Comment expliquez-vous cette nouvelle tendance ?

Par plusieurs facteurs. Le commerce de produits piratés ou contrefaits est en plein essor. Les moyens de contrôle sont alors insuffisants que ce soient ceux prévus dans le cadre des législations nationales ou dans le cadre de règlements internationaux.
Le développement des pays émergents et l’élargissement de la classe moyenne vivant dans ces pays constitue un autre élément d’explication. Nous avons de plus en plus de cyberconsommateurs. Près de 600 millions de chinois ont accès aux sites internet internationaux. Ils n’étaient qu’une centaine de millions il y a quelques années.
Progressivement une certaine habitude a été acquise de vivre dans les milieux où la contrefaçon est monnaie courante. Il est devenu presque banal de voir et d’utiliser ce genre de produits sans s’interroger sur leur source et sur leur qualité.

Au cours de votre carrière, vous avez mené différents programmes de recherche notamment pour l’Organisation mondiale du commerce. Avez-vous eu l’occasion de vous intéresser de près à la question de la lutte contre la contrefaçon et le piratage ? Sous quel angle précisément ?
Dans le cadre du Traité international sur la propriété intellectuelle de l’OMC, les règles sur la production et la vente des médicaments ont été assouplies dans les pays les plus pauvres. L’optique était de rendre plus accessible ces médicaments destinés à traites des maladies aussi graves que le sida en abaissant leur prix. Ce service rendu a finit par avoir des effets pervers avec l’arrivée de produits contrefaits qui n’étaient généralement rien d’autres que des placebos nocifs.
Nous avons tenté de mesurer l’ampleur de ce commerce qui constitue une manne de revenus considérable pour les réseaux criminels organisés.

De quelle manière la Chambre de commerce internationale, dont vous être le secrétaire général, œuvre-t-elle dans le sens de la lutte contre piratage et la contrefaçon ? Quels sont les outils qui sont à votre disposition ?

Il est impératif que les gouvernements soient plus vigilants, aient davantage conscience, soient plus soucieux de cette orientation du piratage et de la contrefaçon vers des types de produits beaucoup plus dangereux pour la population.
Il est rassurant de constater que de plus en plus d’agences nationales de sécurité se penchent sur le sujet.

Nous travaillons au sein de la Chambre de commerce internationale à une coalition avec ces agences et autres organisations internationales comme l’OMPI sensibles à ce souci pour protéger la propriété intellectuelle et mettre en place des législations et les dispositifs de surveillance adéquats.
Nous jouons en cela un rôle de mobilisation et d’information.

Nous nous efforçons également d’alerter la population sur les dangers sous jacents à ce phénomène. Là-dessus, nous avons la sensation qu’il y a eu une sorte d’évolution des mentalités. Nous sommes passés d’une situation où un grand nombre de la population se faisait complice de ce mouvement en acquérant sans scrupule des produits contrefaits à une situation où l’hésitation et la préoccupation d’aller vers ces produits est plus importante dès lors qu’ils peuvent mettre leur vie en danger.
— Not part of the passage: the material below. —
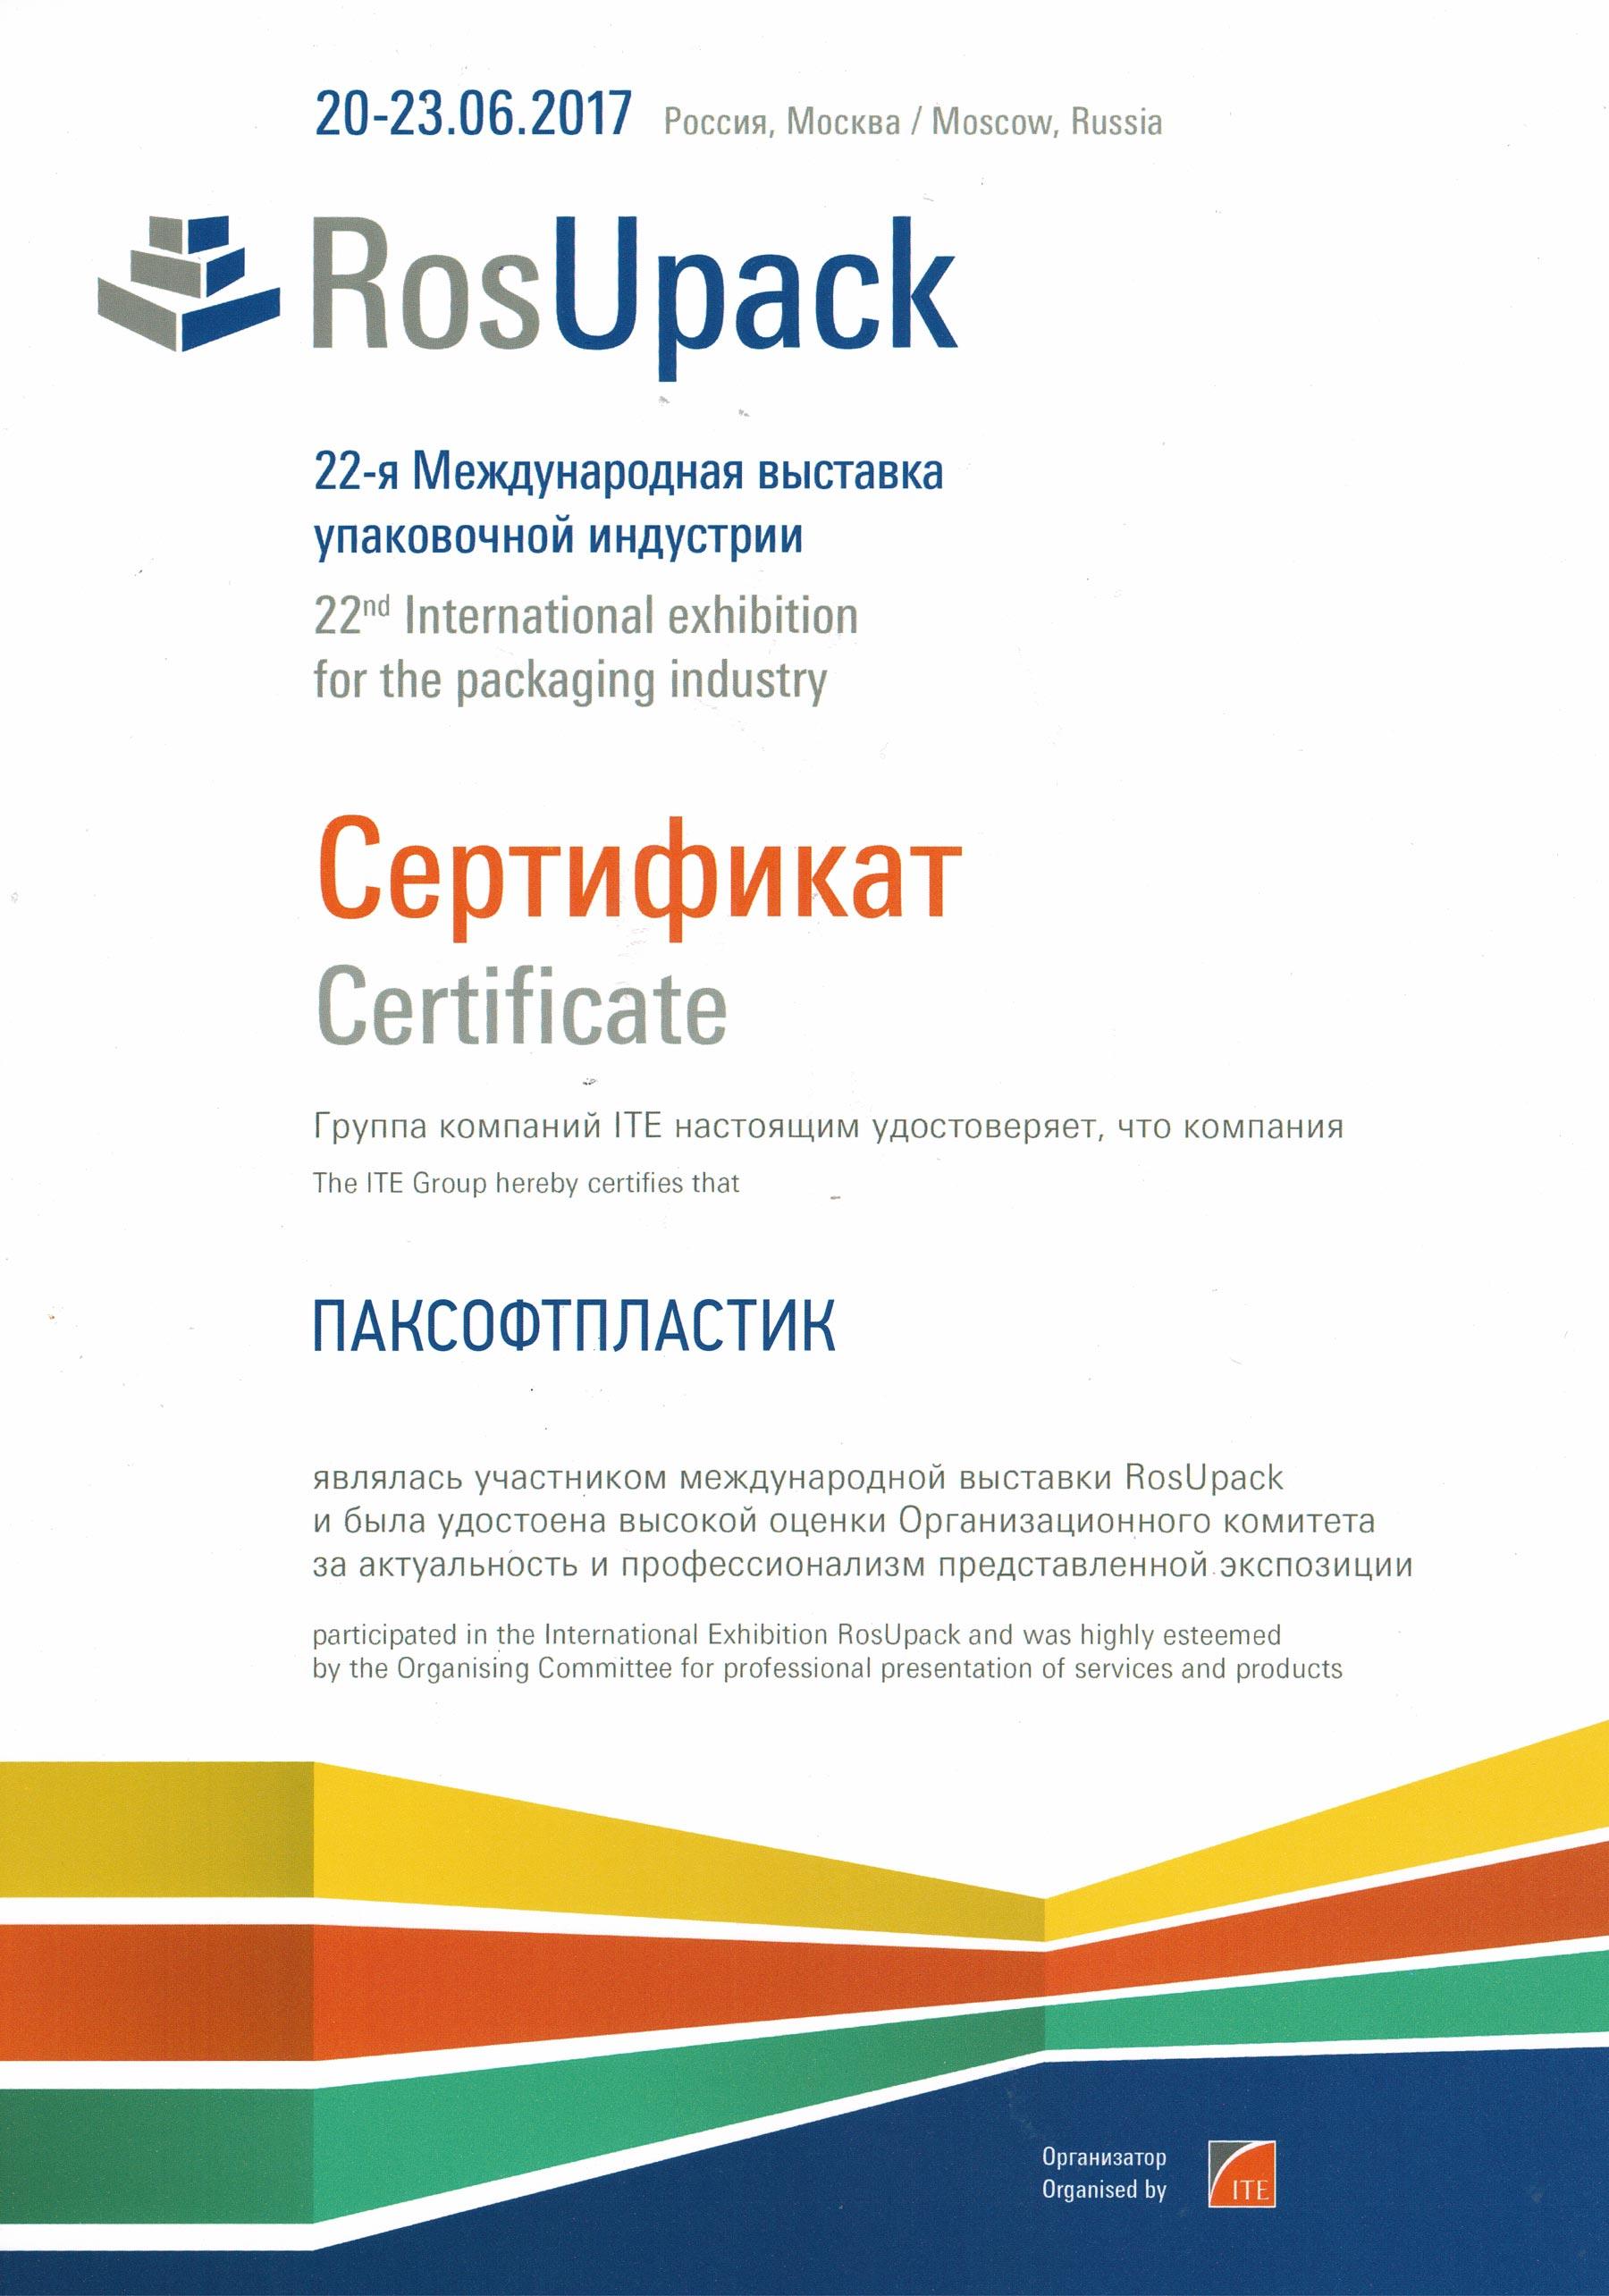 Сертификат ежегодной выставки ROSUPACK

Vous participez au 6ème Congrès mondial sur la lutte contre la contrefaçon et le piratage qui se déroule à Paris les 2 et 3 février. Qu’attendez-vous de ce Congrès ? Des enseignements ont-ils été tirés selon vous des 5 Congrès qui ont précédé ? Quelles en ont été les traductions concrètes ?
La pleine prise de conscience du problème suppose une campagne de longue durée. Nous sommes face à une machine considérable. Plusieurs années d’efforts seront indispensables. C’est ce à quoi servent ces congrès.
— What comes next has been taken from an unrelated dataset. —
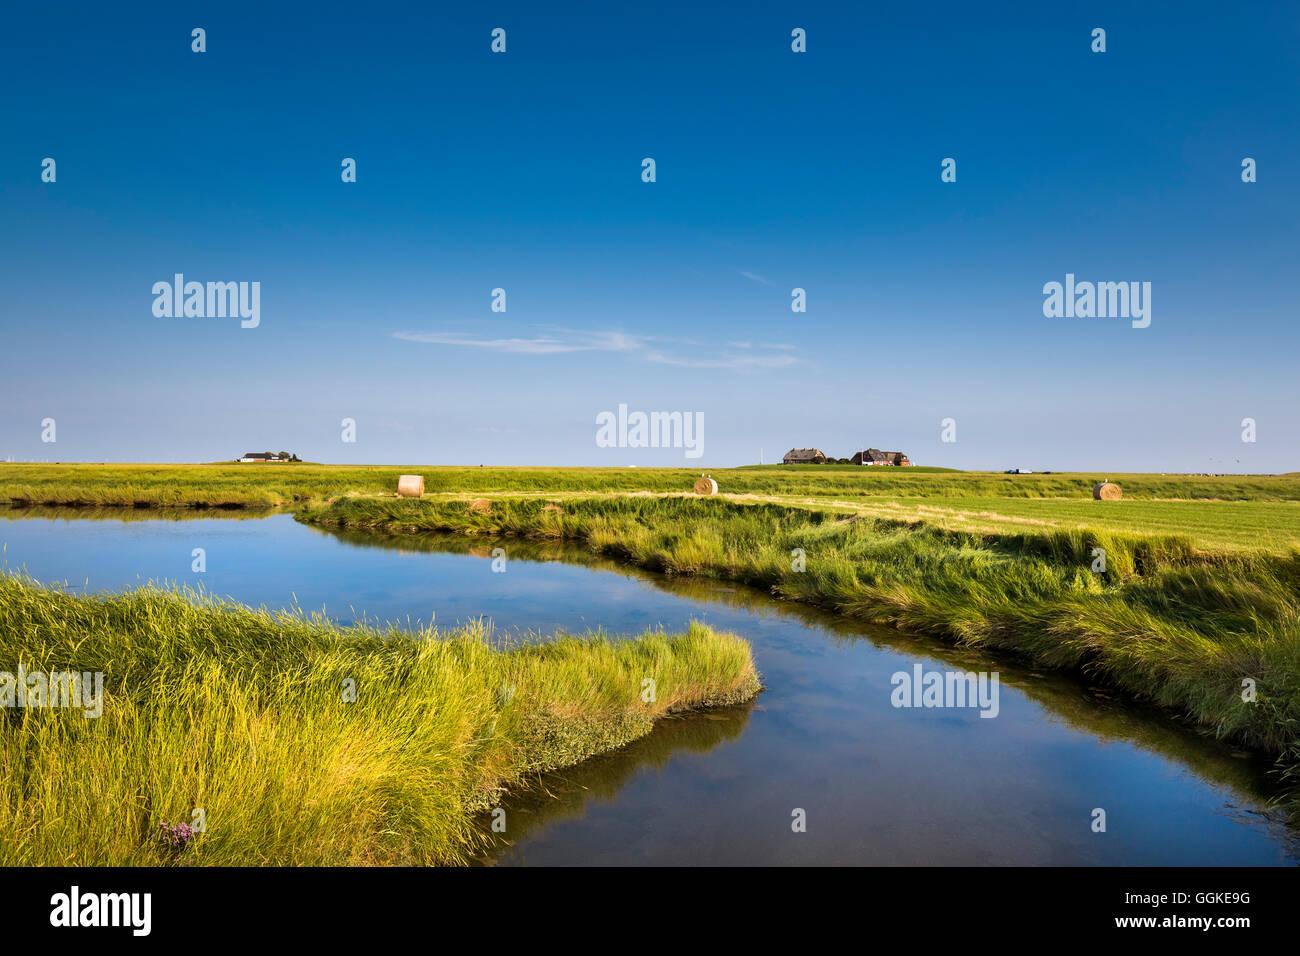 Salzwiesen und Wohnung Hügel, Hallig Langeness, Nordfriesischen Inseln, Schleswig-Holstein, Deutschland Stockfoto

Je ne pense pas que l’énergie mise dans l’organisation de ce type de manifestations soit vaine. En témoigne le fait que de plus en plus d’instances publiques reconnaissent le sérieux du problème et le danger que ce problème représente.

Vous semble-til réaliste ou utopique, notamment du fait de la mondialisation dans laquelle nous nous inscrivons, d’éradiquer toute forme de piratage et de contrefaçon ?

Nous n’arriverons pas à convaincre toutes les instances publiques d’éliminer ce commerce, et de sensibiliser leur population.
Nous ne pourrons jamais éradiquer totalement le phénomène. Nous ne pourrons que tenter d’en atténuer l’emprise et les effets néfastes sur les consommateurs et sur les économies nationales.